The Barley Mow lasted until 1910 by which time it was being supplied by Wilson’s brewery of Newton Heath, Manchester. Later in the twentieth century Wilson’s were a major supplier of beers in Bolton. 

The premises were demolished soon afterwards and in time the rest of the buildings between Burns Street and Thynne Street were also pulled down. For some years from the 1940s up to the expansion of Moor Lane bus station in 1969 this parcel of land was used as a small bus station by operators such as Salford Corporation Transport and Lancashire United Transport. Salford’s number 8 bus to Manchester used this small station which consisted of no more than a few stone shelters.  A 1958 map of Bolton bus services shows that the number 12 to Manchester, the 41 to Worsley and Eccles, the 49 to Union Road Mills, the 51 to Little Lever and the 52 to Bury via Little Lever and Radcliffe all left from this bus station. When the buses moved to Moor Lane the land was used as storage by Thistlethwaites Tyres. When the news Sainsbury’s was built Thistlethwaites moved across Burns Street to occupy the whole parcel of land that once contained the Barley Mow.


 “John McDermott, 19, was indicted for stealing from the person of Robert McClenahan, a silver lever watch and three shillings in money on 28 June. Mr Marshall prosecuted and Mr Cottingham defended. The parties were drinking together on the day in question and at the Barley Mow on Crook Street, prosecutor fell asleep. He awoke at eleven o’clock at night, but the prisoner had then left, and the watch and money were gone. The prosecutor was drunk at the time, and admitted in cross-examination that it was probable he might have asked the prisoner to take care of the watch. Evidence as to the character of the witness was given and by direction of the Recorder a verdict of not guilty was at once returned. The Recorder, in discharging the prisoner, said that in this case the prosecutor was more to blame than the prisoner, and he ought to leave that court thoroughly ashamed of himself for his conduct.”

Bolton Evening News, 23 July 1869.

Thursday, 19 November 2015

Dog And Partridge, 22 - 24 Manor Street, Bolton


Dog and Partridge Manor Street Bolton




On 31 August 2015 Neil Piper, the landlord of the Dog and Partridge, wrote on the pub’s website that the D&P would not be reopening and would soon be demolished.

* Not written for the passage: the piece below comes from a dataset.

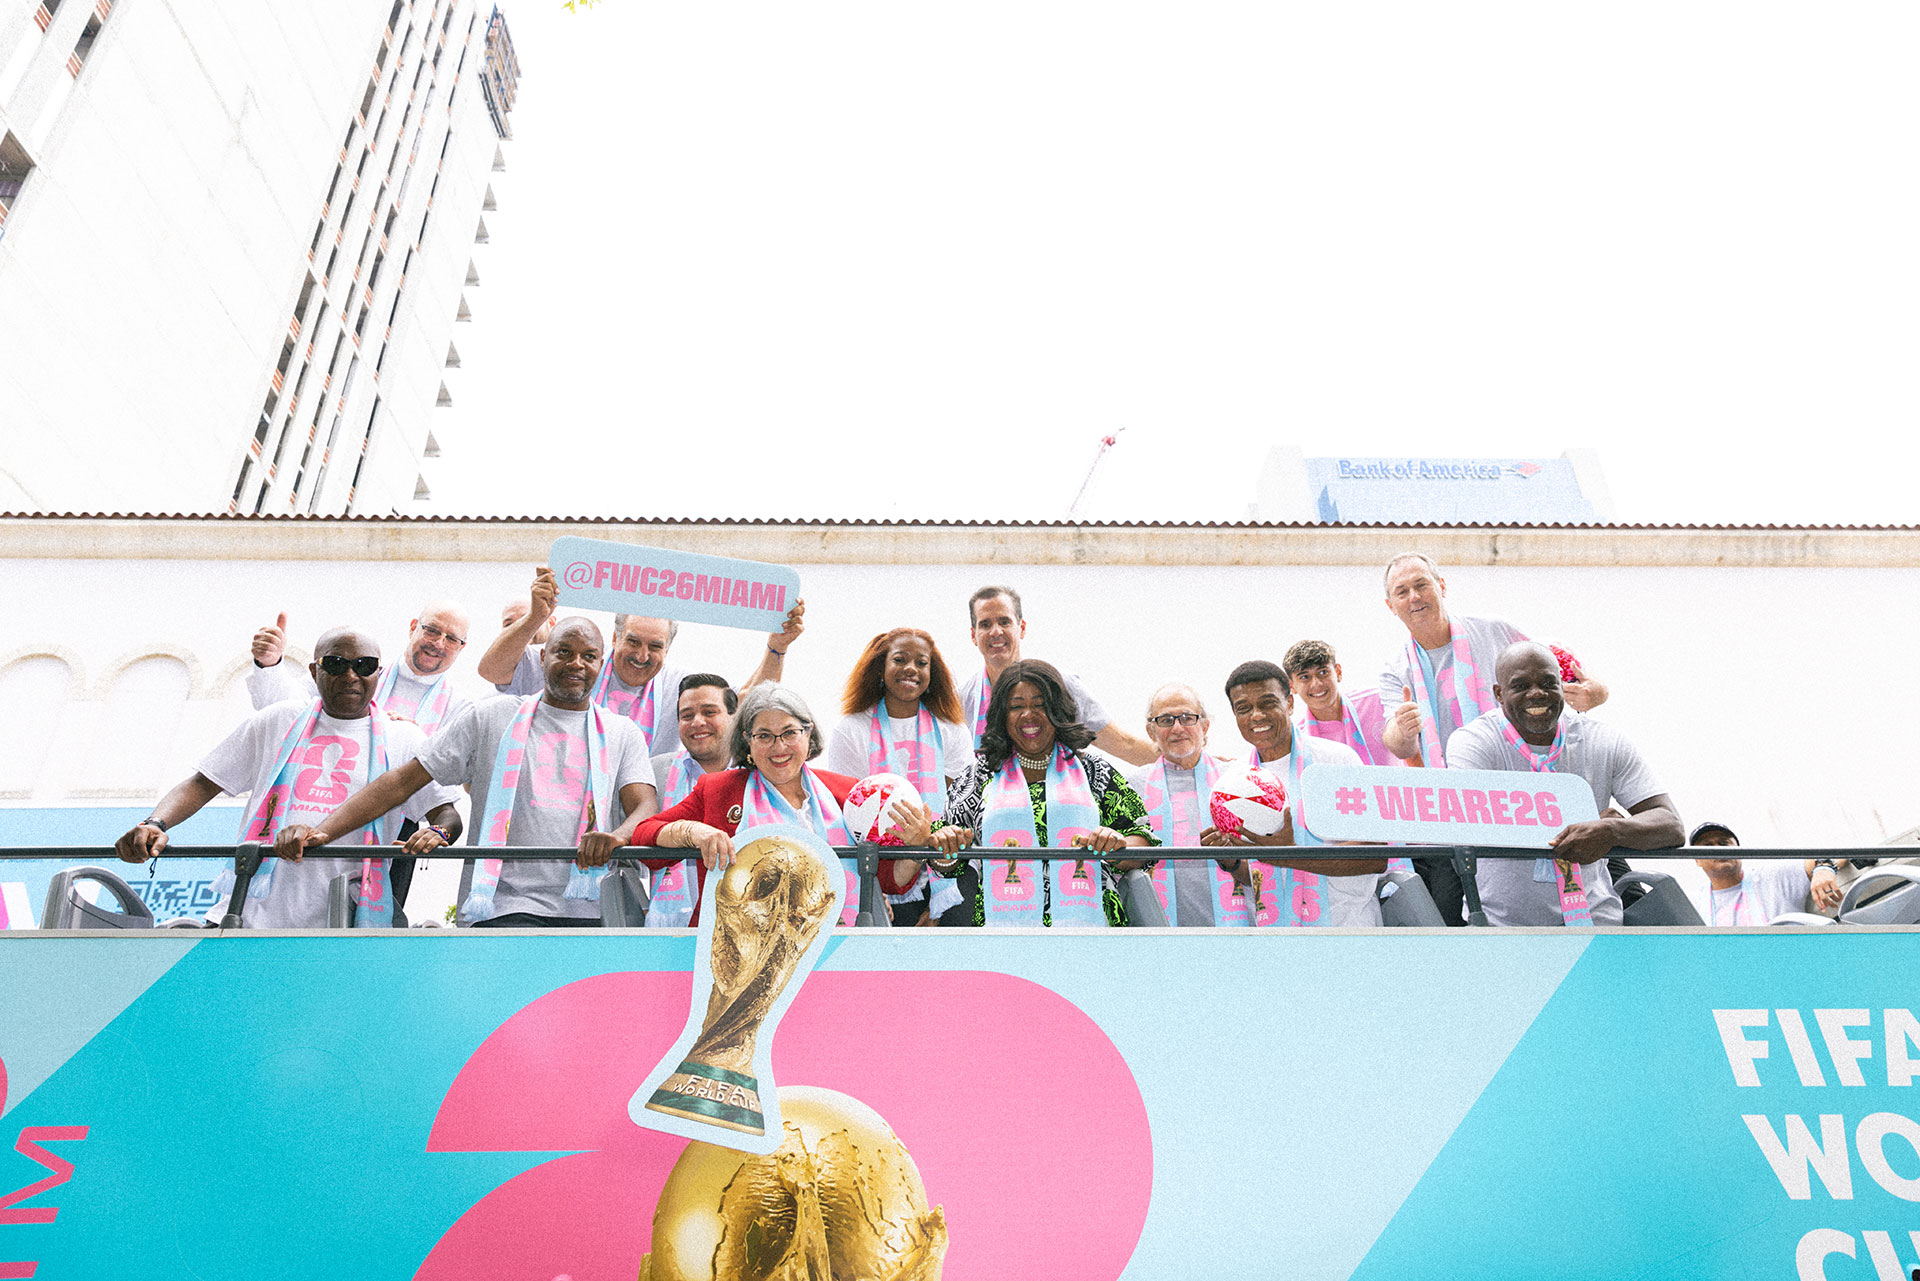 La alcaldesa Daniella Levine Cava, Rolando Aedo, Director de Operaciones de Greater Miami Convention & Visitors Bureau, y un grupo de leyendas del fútbol se preparan para el recorrido en autobús por la ciudad anfitriona de Miami para la Copa Mundial FIFA 26.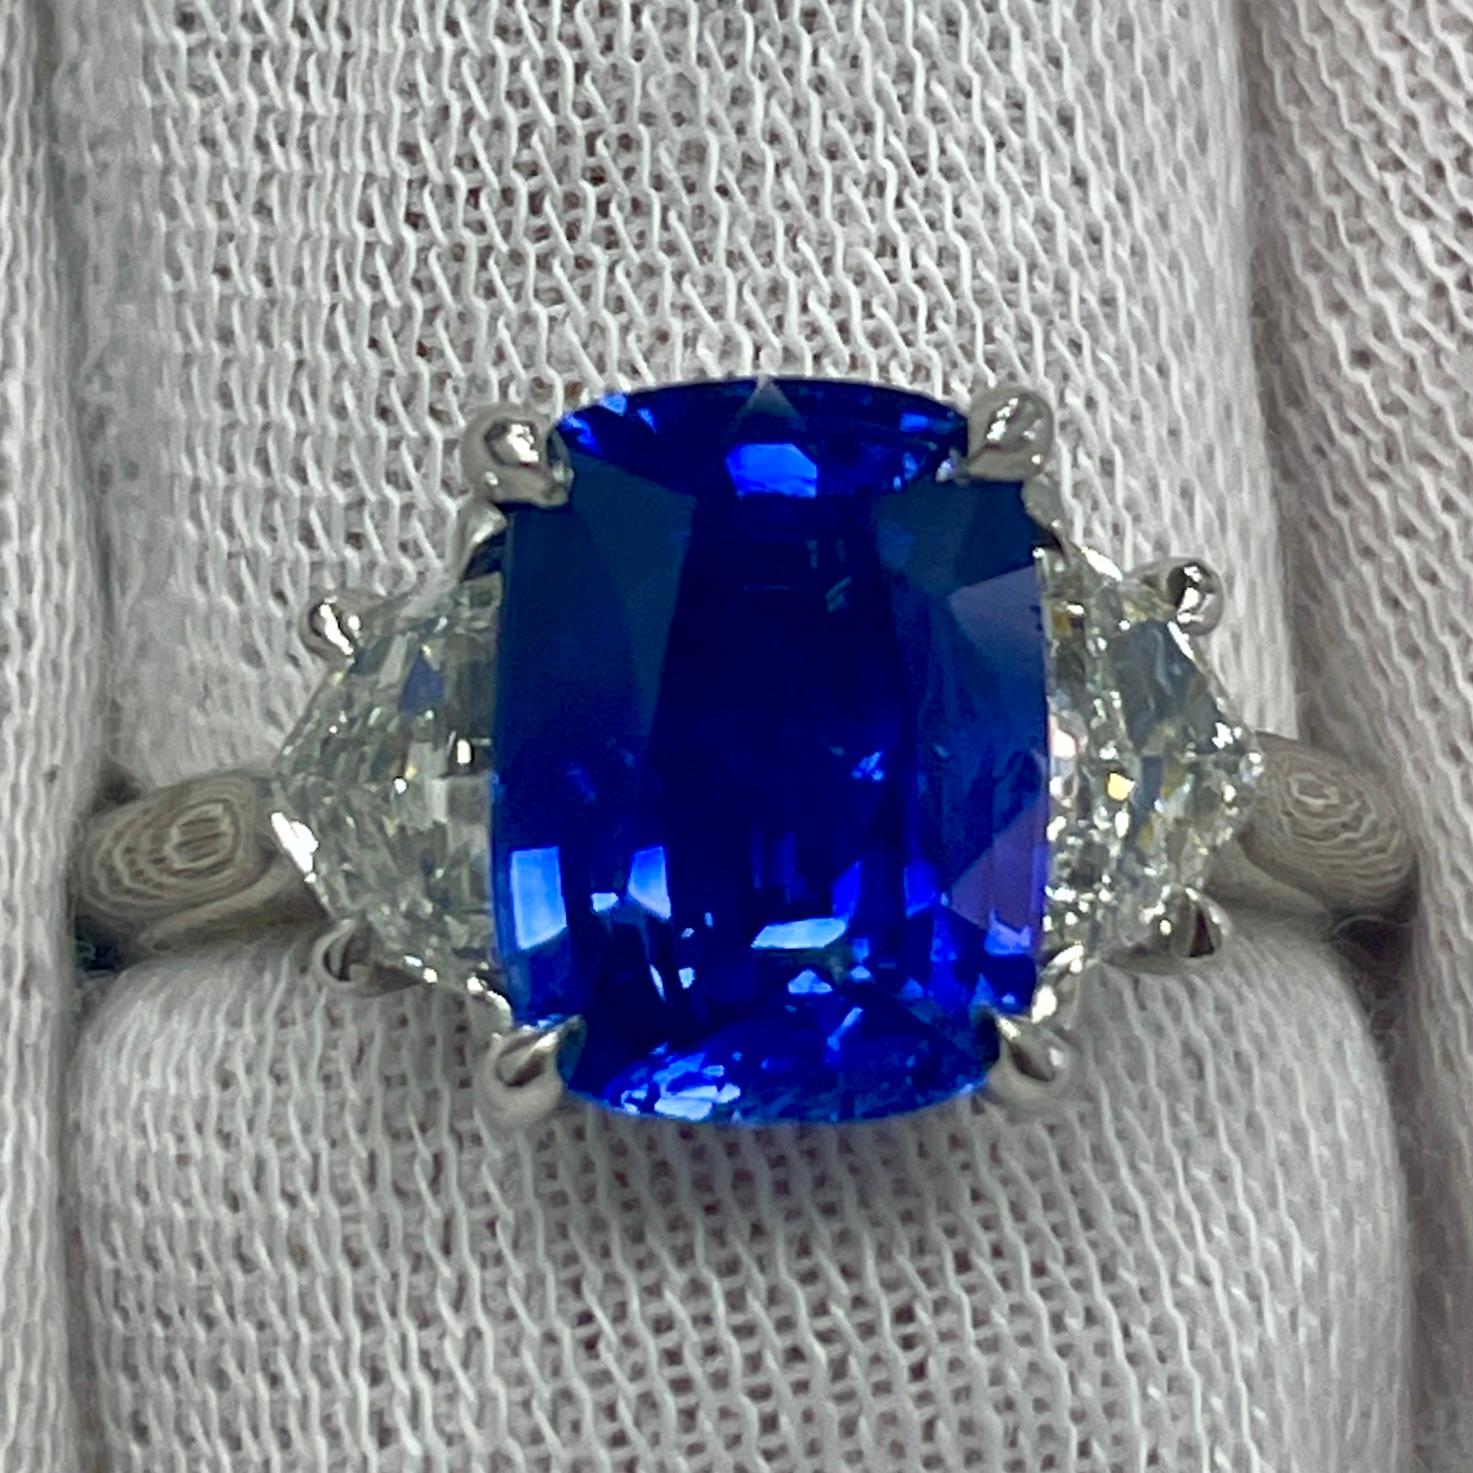 Il s'agit d'un saphir coussin bleu bleuet monté dans une élégante bague en platine avec 0,69 ct de diamants blancs brillants. Convient pour toute occasion !

It had already been closed for ten months after a car drove through the traffic lights at the bottom of Kay Street and into a side wall narrowly missing Neil and some visitors who had been sitting in the vault just a few minutes earlier. The damage sustained in the incident and in a series of subsequent break-ins that easily ran into double figures meant the pub was uneconomical to repair. 

As Neil Piper locked up in the early hours of 29 October 2014 the last thing on his mind was that he was bringing down the curtain on 209 years of trading at the Dog and Partridge. But the incident later that day meant that a pub built in 1805 had served its last pint.

The Dog and Partridge was originally two residences both dating back to the early years of the nineteenth century, the original pub being the vault and the snug and numbered 24 Manor Street. It later expanded into adjoining premises, number 22. Early Bolton directories showed the following licensees: 

1818: J Hardman; 
1836 James Hayward – or Haywood – who later became a saddler. 1842: Richard Sharples, who moved from Turton to take over the pub. 
1848: John Duerden. 
1851: James Wardle. James left to become a cotton worker in Halliwell, but he was back in the pub trade by 1876 just a few yards up the road at the Hare and Hounds on Bank Street. 
1853 William Mercer. 
1869: William Parker. 
1876: William Mercer. 
1895: Edward Gaskill. 
1905: William Entwistle. 
1924: Mrs Ellen Hill.

“To Let with immediate possession, a well-accustomed PUBLIC HOUSE known by the name of “Dog & Partridge” Manor Street. Good reason for leaving. Apply on the premises.”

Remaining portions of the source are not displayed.